Im Gegensatz zu den postmodernen Großraumbüros und cleanen Industrielofts, in denen heutige TV-Kommissar/innen in Jeans und Lederjacken herumlaufen, sitzen ihre frühen Vorläufer zwischen Aktenordnern an alten Rollladenschreibtischen, teilen sich klobige Triumph-Schreibmaschinen und ein einziges Abteilungstelefon mit Wahlscheibe und rauchen wie die Schlote. Frauen kommen ab und zu herein und bringen Kaffee. Ich könnte mich jedes Mal totlachen, welche unsäglichen Altherren-Komplimente damals über den Sender gingen (Kommissar Peters, mit Blick auf den Hintern der Sekretärin: „Das ist ja Eins a!“).

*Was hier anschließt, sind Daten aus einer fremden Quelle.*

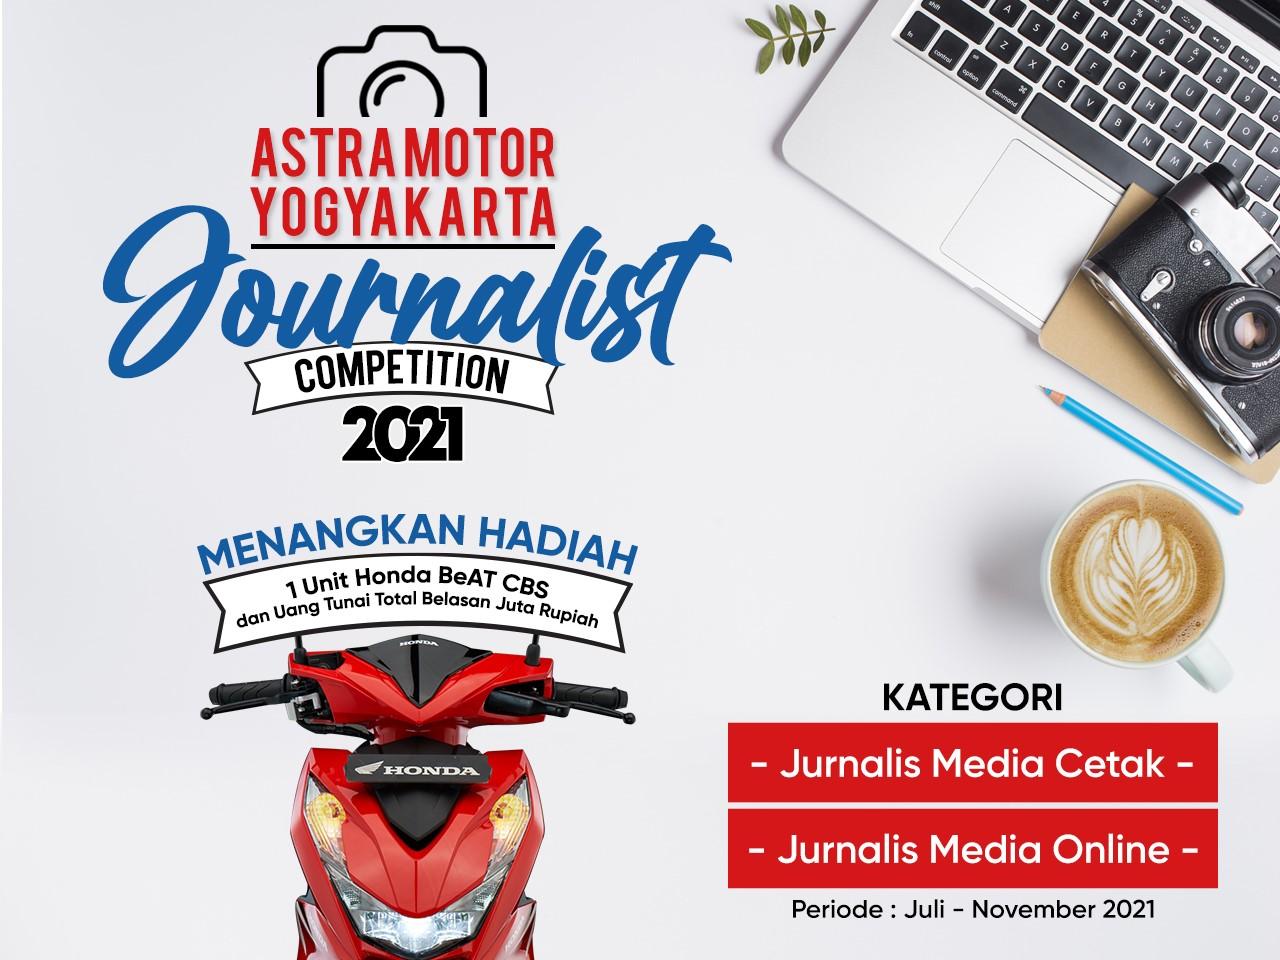 Registrasi Astra Motor Yogyakarta Journalist Competition 2021

Die Serien zeigen noch ein sehr anderes Hamburg: Unübersehbar ziehen sich geräumte Trümmerschneisen durch die Stadt, über Kopfsteinpflaster rattert die Straßenbahn. Die verwinkelten Gassen des alten Arbeiterquartiers am Pinnasberg konnte Regisseur John Olden (Ehemann von Inge Meysel) wunderbar für Verfolgungsjagden auf Diebe, Hehler, Betrüger und Schmuggler nutzen. Nur selten ging es um Mord – und nie um Demonstrationen.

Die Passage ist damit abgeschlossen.